# EU3000 - only runs smooth with choke on



## budjev

My old man bought a used EU3000 in like brand new condition by the looks of it anyways for his travel trailer, guy knocked a couple $100 of for this: runs and idles fine with choke ~3/4. Close the choke and it runs rough(idle speeds up and slows down constantly) and dies if you put a decent load on it like a travel trailer camper with A/C. Pull the choke to ~3/4, idles smooth and handles the decent load of a travel trailer camper with A/C. 

Removed the carb, little varnish in the bottom of bowl, cleaned it really well with carb cleaner. Removed the jet, cleaned it thoroughly with carb cleaner, sprayed out all carb holes thoroughly with carb cleaner, checked all the gasket sand seals and they are all like brand new. The jet did have a little bit dirt around the outside of it. Put it back together...same issue. Will only idle smooth at ~3/4 choke. 

With all that said, carb now clean and still same issue it seems it's starving for fuel. I'm used to nitro R/C cars with high and low speed needles on the carbs. Do the carbs on the EU3000 have high low speed needles for adjusting? I know there is one adjustment screw but nothing next to it to say what it's for. Or is it an issue with the electronic mechanism on top of thr carb?

Any help greatly appreciated!


----------



## Waypoint

You're off to a good start, but you need to clean out the passages in the carb and the emulsion tube.

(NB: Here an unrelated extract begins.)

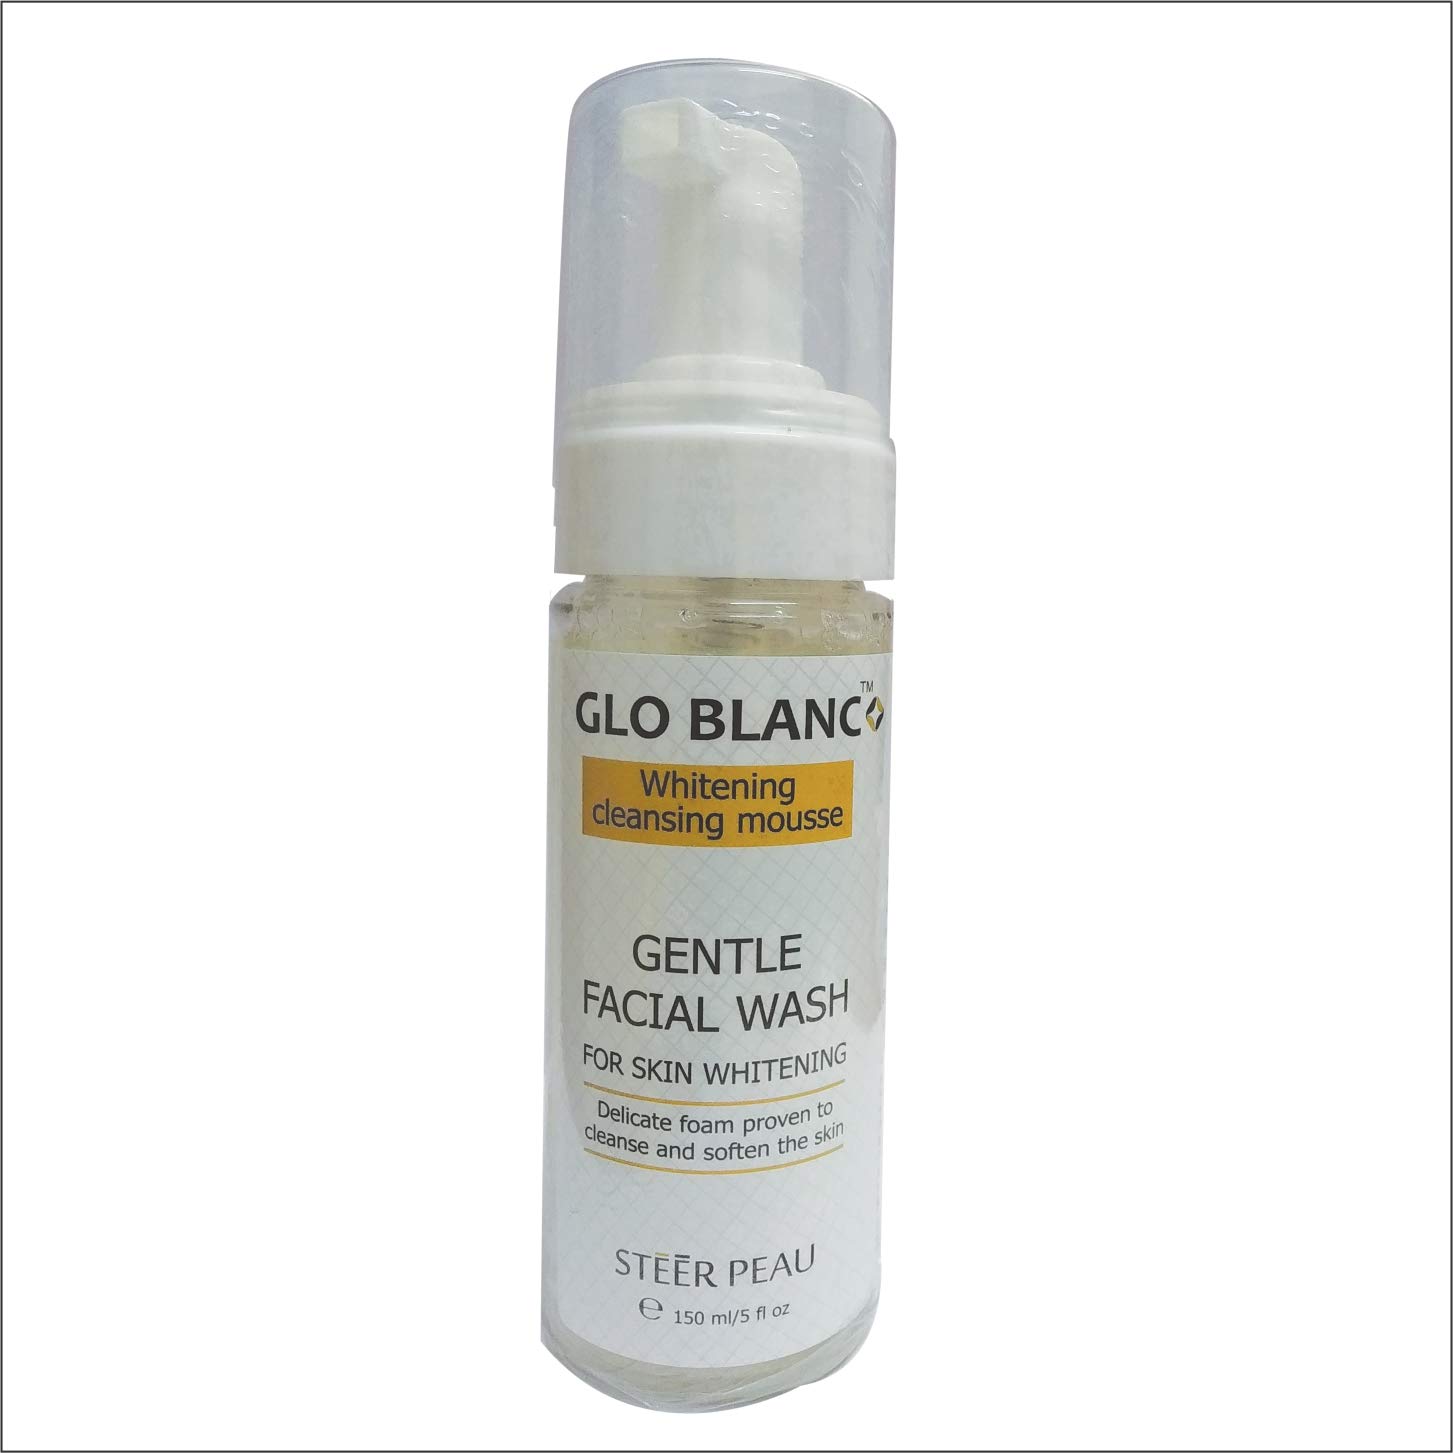 Glo Blanc Whitening Cleansing Mousse

I use a compressor & rubber-tipped nozzle, and a can of BG carb cleaner. It's been a long time since I had a Honda carb apart so I pulled a good video on YouTube that might help:


----------



## budjev

Yeah, looks like there should be a couple more passages to spray out with carb cleaner. 
Appreciate the response!


----------



## budjev

Well took carb apart again and there were no shoots that I missed on the EU3000 carb. The one in The video had a few more screws that the EU3000 doesn't have. It does have the screw with spring as shown at 4:15 of the video but I cannot get the top piece off like the video. I don't think that's supposed to come off on the eu3000. 

It is running better so going to put some higher octane fuel in and see what happens. If still sluggish at no choke, I guess I'll buy a new carb for $70.


----------